Posted: Wed Mar 15, 2017 9:53 pm
by jwes
lucasart wrote:I have a working SMP implementation (lazy). It even scales very well… When it doesn't crash. Problem is: crashes are never reproducible, they just happen randomly.

How do you go about finding SMP bugs ?

So far the only method I can think of is to remove things one by one, and continue so long as the crashes continue. When crashes stop, you've probably removed the faulty piece. Very tedious, and not guaranteed to work…
Can you run it and have it crash in a debugger, or set up a JIT debugger?

Re: How to find SMP bugs ?

Posted: Sun Mar 19, 2017 2:31 am
by lucasart
I'll have a look at the TT, when I get electricity back… Simply disable it to see if crashes persist. But I don't think that will ne the answer.

My TT entries are (key,data) pairs where key and data are 64-bits. I know that nothing is guaranteed by the C standard, but in practice (reasonable machine with reasonable compiler), each 64-bit write is atomic. So you should not end up with garbage data. If 2 threads write (key1,data1) and (key2,data2) concurrently, the only scrambled results you can get are (key1,data2) or (key2,data1). Is that right ? Or can things get worse with things like (key1,key2) or (data1,key1), etc. ?

Also I don't understand how illegal TT moves can be a problem. I never play the TT move. I generate pseudo legal moves, and when scoring them I put a very high score if the move is the TT move. Maybe other engines are directly playing the TT move, in an attempt to save time generating moves if it fails bigh. I don't do that.

Re: How to find SMP bugs ?

Posted: Sun Mar 19, 2017 2:48 pm
by jdart
lucasart wrote:
My TT entries are (key,data) pairs where key and data are 64-bits. I know that nothing is guaranteed by the C standard, but in practice (reasonable machine with reasonable compiler), each 64-bit write is atomic. So you should not end up with garbage data.
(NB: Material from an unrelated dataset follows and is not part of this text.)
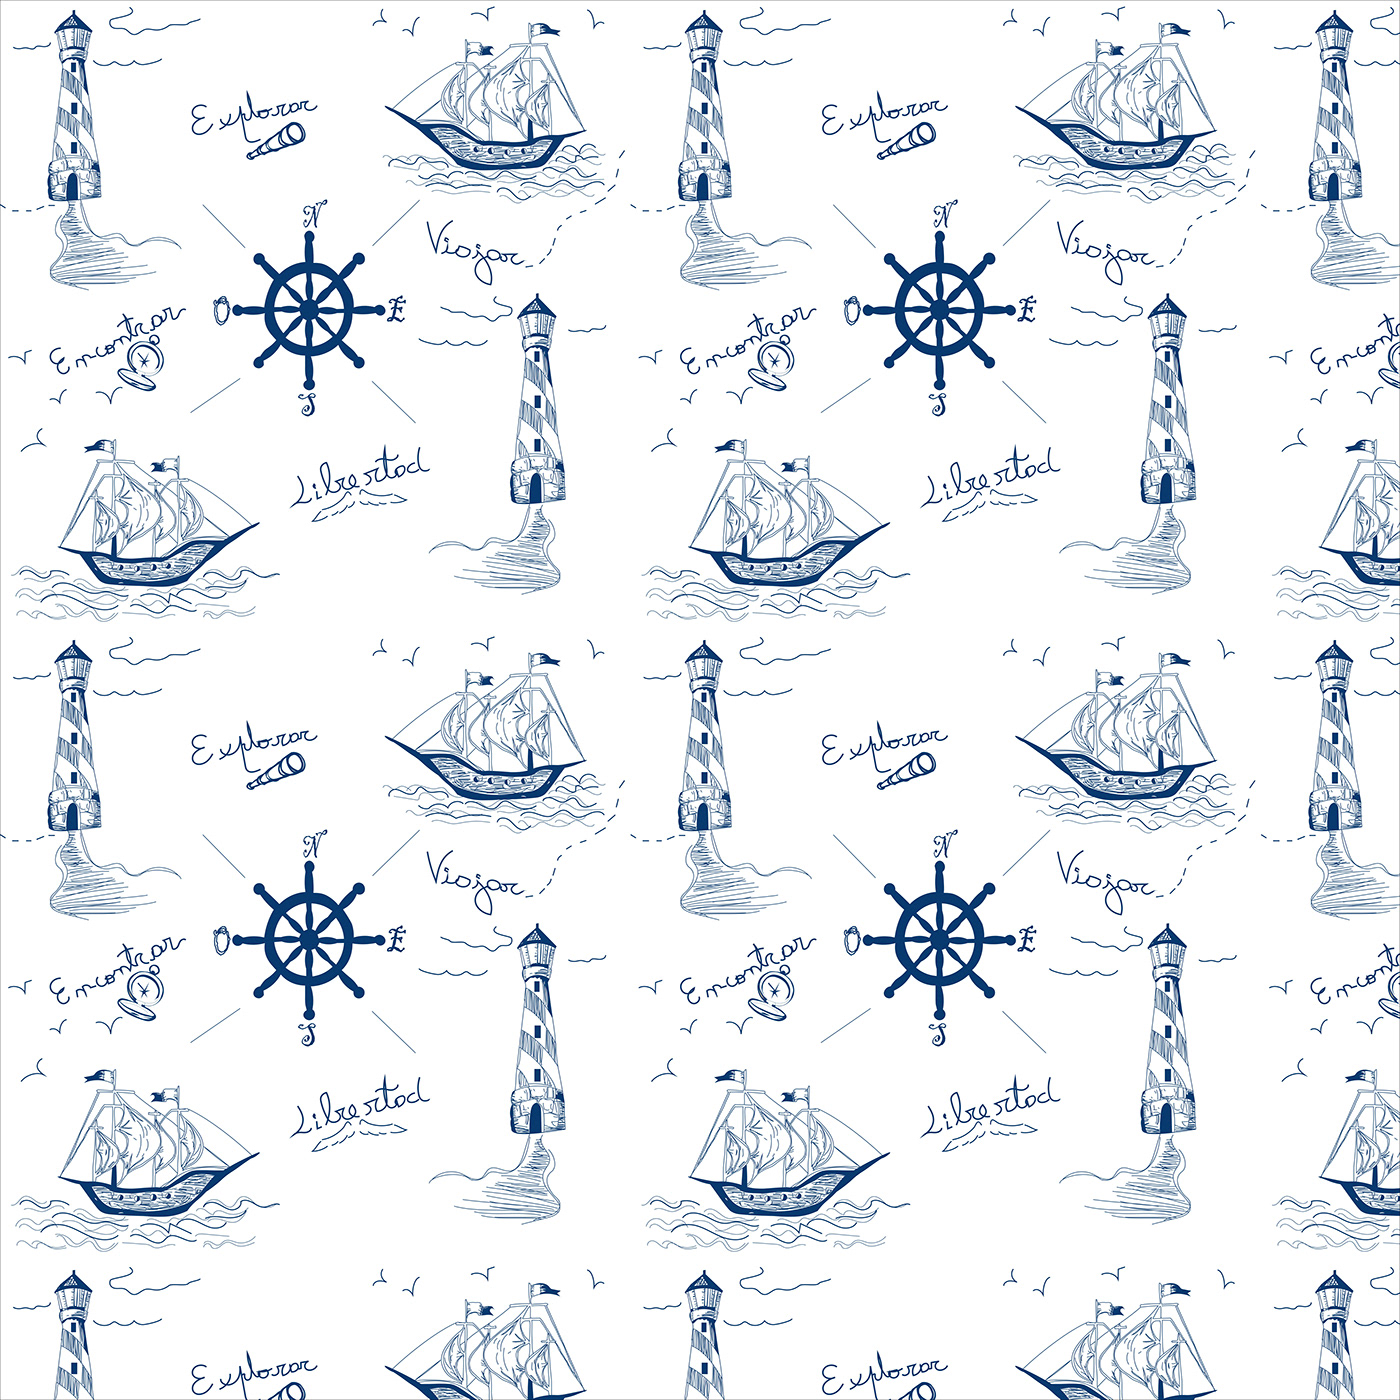 Diseño Textil Estampa Illustrator monocromatico pattern toule de jouy marinero patterndesing rapport surfpattern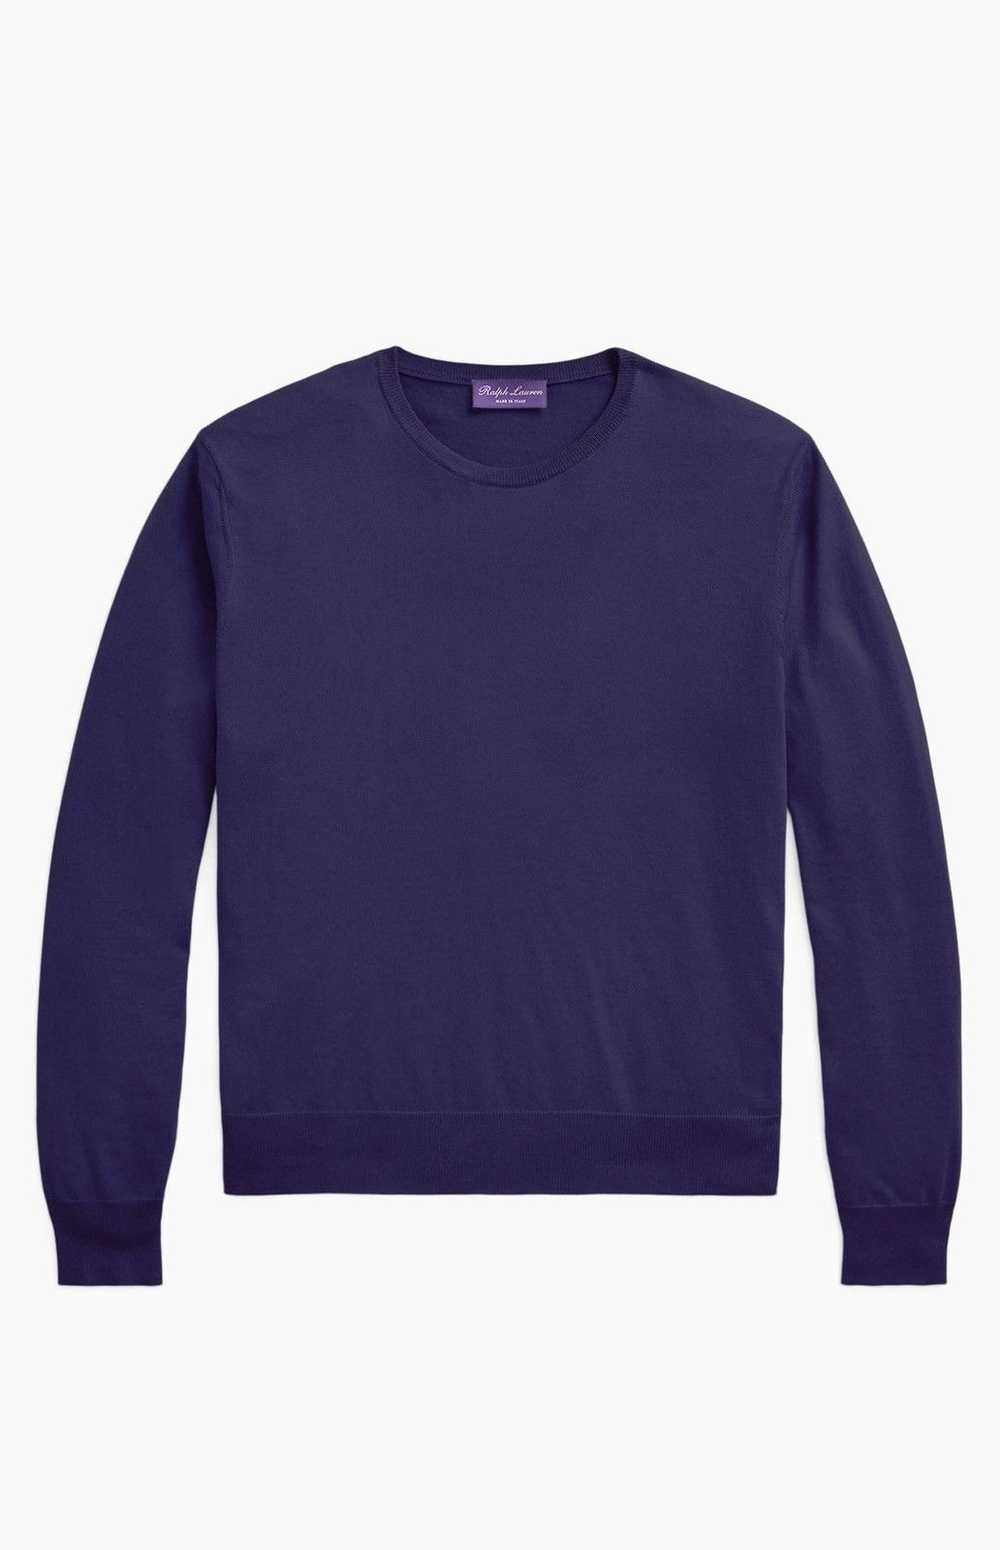 Ralph Lauren Crewneck Cotton Sweater - image 1

If 2 threads write (key1,data1) and (key2,data2) concurrently, the only scrambled results you can get are (key1,data2) or (key2,data1). Is that right ? Or can things get worse with things like (key1,key2) or (data1,key1), etc. ?
If your table is aligned then you won't get unatomic writes of the 64-bit values. But having mismatched data can still be a problem. The standard way of dealing with this is Hyatt's lockless hashing method ( (http://www.craftychess.com/hyatt/hashing.html).
Maybe other engines are directly playing the TT move, in an attempt to save time generating moves if it fails bigh. I don't do that.
Practically all modern engines do this. It is a considerable time-saver, because you skip the whole move generation step.

--Jon

Re: How to find SMP bugs ?

Posted: Sun Mar 19, 2017 3:44 pm
by mar
lucasart wrote:Also I don't understand how illegal TT moves can be a problem. I never play the TT move. I generate pseudo legal moves, and when scoring them I put a very high score if the move is the TT move. Maybe other engines are directly playing the TT move, in an attempt to save time generating moves if it fails bigh. I don't do that.
I forgot that you don't use staged move generator, in this case playing illegal moves shouldn't be the problem.
Still to rule out this possibility completely, perhaps a temporary assert that makemove gets a legal move might not be a bad idea?

I'd still bet on some invalid state due to missing synchronization somewhere.
So either checking master<->helper communication between iterations (depending on what you do) or as Sven said perhaps some global state? I doubt this is the case but still.

If it's neither of the above, then it'll be tedious to find. Maybe stack trace of all threads might help, as others have suggested.